The expected standard errors for models without MU-referencing, zero inter-subject variability for F SC, \( K_{\text{SS}}^{\text{M}} \), and K SSS parameters (for Model 2), and exponential error model were used for comparison with the Nonmem results. The results for the models with the residual error expressed in the original and log-transformed dependent variables were identical. The models with the MU-referencing provided nearly identical results (not shown). The Model 2 with 1% variance (ω2 = 0.0001) for the F SC, \( K_{\text{SS}}^{\text{M}} \), and \( K_{\text{SS}}^{\text{S}} \) parameters was also tested. It provided nearly identical results for all the parameters (not shown) except for variances of F SC, \( K_{\text{SS}}^{\text{S}} \) (with small standard errors of about 0.003), \( K_{\text{SS}}^{\text{M}} \) (with large standard error of 0.04), and V max that was estimated to have a slightly higher relative standard error (41 vs. 30%) compared to the model where variances of F SC, \( K_{\text{SS}}^{\text{M}} \), and \( K_{\text{SS}}^{\text{S}} \) were fixed to zero.

Discussion

Model 1

For the data and the model with well identifiable parameters (Model 1), all of the methods gave similar results. Therefore, the main purpose of the ‘expert’ options was to reduce the duration of the analysis.

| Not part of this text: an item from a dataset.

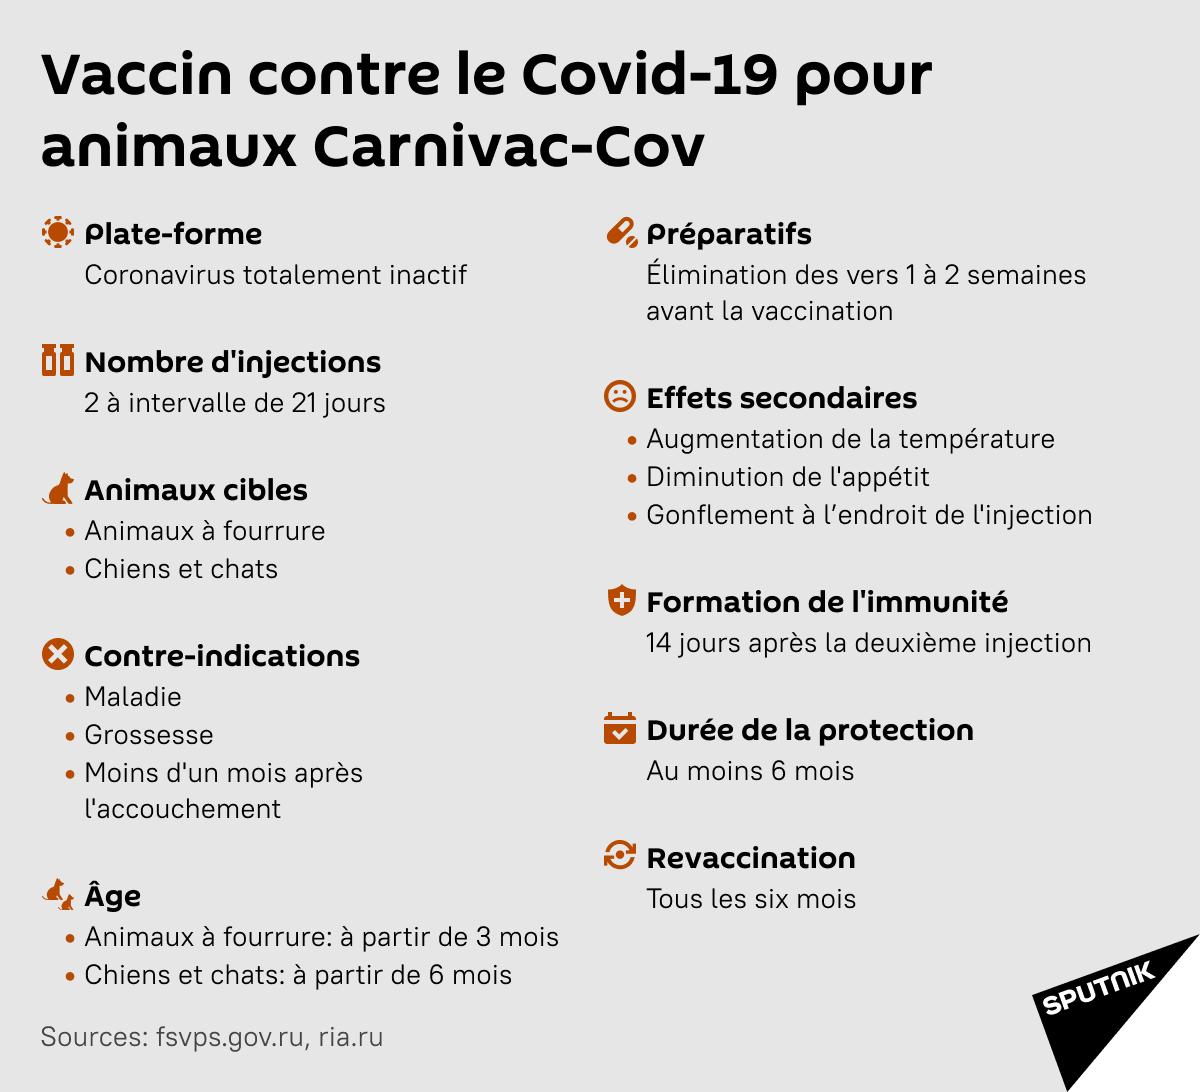 Vaccin contre le Covid-19 pour animaux Carnivac Cov

The ‘naive’ options did not take advantage of the convergence test for the Monte Carlo and EM methods, and due to the large numbers of the requested iterations these methods took a long time to complete. For almost all methods, turning on the convergence tester considerably reduced the analysis time. Further reduction came from decreasing the precision requirements of intermediate evaluations.

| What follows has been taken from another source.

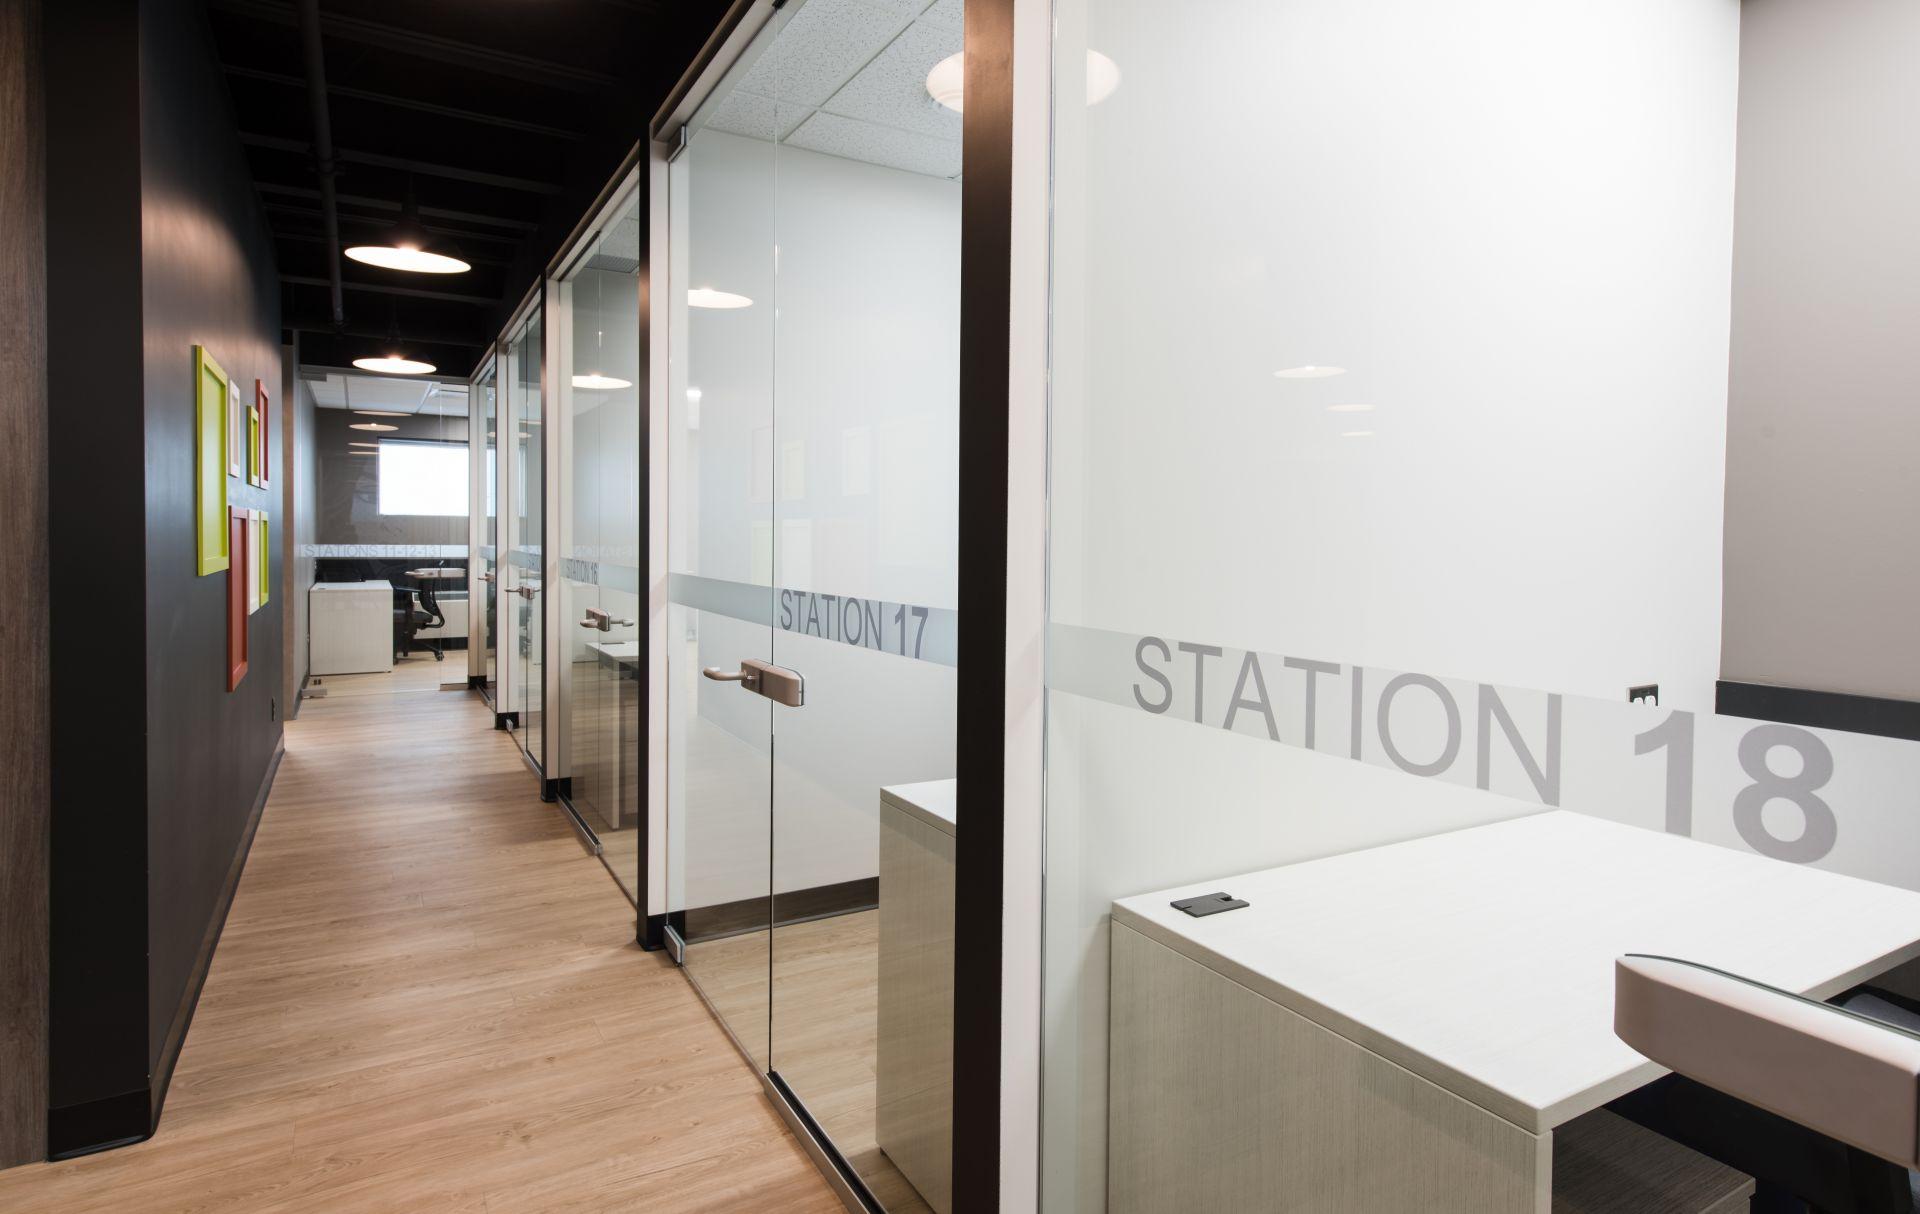 Station 900, Saint-Jean-sur-Richelieu

For the ITS method, the run with the ‘expert’ options converged after 67 iterations reducing total run time 3.7-fold while reducing duration of each iteration from 45 to 37 s. Thus, the main reduction in time was due to running no more iterations than necessary, and there was a small additional reduction in time per iteration due to decreasing the SIGL parameter.

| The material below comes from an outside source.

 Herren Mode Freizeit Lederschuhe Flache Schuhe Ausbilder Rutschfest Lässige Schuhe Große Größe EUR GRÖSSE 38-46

The importance sampling methods, IMP and IMPMAP with the ‘expert’ options converged in 70 and 48 iterations respectively, shortening the estimation time 2.8- and 5.4-fold, compared with the runs with the ‘naive’ options. In addition to the main estimation, the refining step with 10 iterations of 3,000 Monte Carlo samples per subject was performed following convergence to obtain more precise final estimates. This step took longer (43 and 50 min for IMP and IMPMAP, respectively) than the main estimation (31 and 25 min), and the parameter estimates with and without this step were nearly identical for both methods. Therefore, for the well-behaved Model 1 addition of this step was unnecessary.

The SAEM method with the ‘expert’ options completed the burn-in phase in 850 iterations reducing the estimation time 2.2-fold.

The ‘naive’ options for the BAYES method specified 4,000 burn-in iterations and 10,000 stationary distribution iterations, which took 593 min. With the ‘expert’ options including convergence testing, burn-in completed in 500 iterations, and the total analysis time was reduced to 400 min. The comparison of convergence and time is not meaningful in this example as beside turning on the convergence tester and reducing precision of intermediate evaluations, the ‘expert’ run also used the final results from IMPMAP as the initial values and OMEGA-priors. Motivation for this was a notion that for more accurate assessments of the OMEGAS the BAYES method generally requires that the uninformative priors should be provided for OMEGAs, with the number of degrees of freedom equivalent to the dimension size of the OMEGA block. Thus, this method was thought to be used as an add-on following use of other methods rather than as a stand-alone analysis. However, in the Model 1 example, accurate OMEGA values were obtained with no prior settings, and all the other results were accurate for both the ‘naive’ and ‘expert’ options.

The FOCEI method with the default options terminated with rounding error message (of less than 3 significant digits precision) at 129 iterations. Re-parameterization of the fixed-effect parameters into the log-domain form (consistent with linear MU referencing) lead to successful completion at 140 iterations (but slightly longer run time). Lowering, instead, the convergence criteria (NSIG = 2) and reducing SIGL and TOL to save time resulted in termination of the run with the rounding error message (of less than 2 significant digits) at 97 iterations. However, the estimation time was reduced 2.6-fold, and the terminated analyses had the same final objective function value as the successfully completed one.

Model 2

Similar to Model 1, implementation of the convergence tester and decrease of precision requirement of intermediate evaluations significantly reduced the run time of the ITS (2.5-fold), IMP (3.4-fold), and IMPMAP (5.7-fold) methods.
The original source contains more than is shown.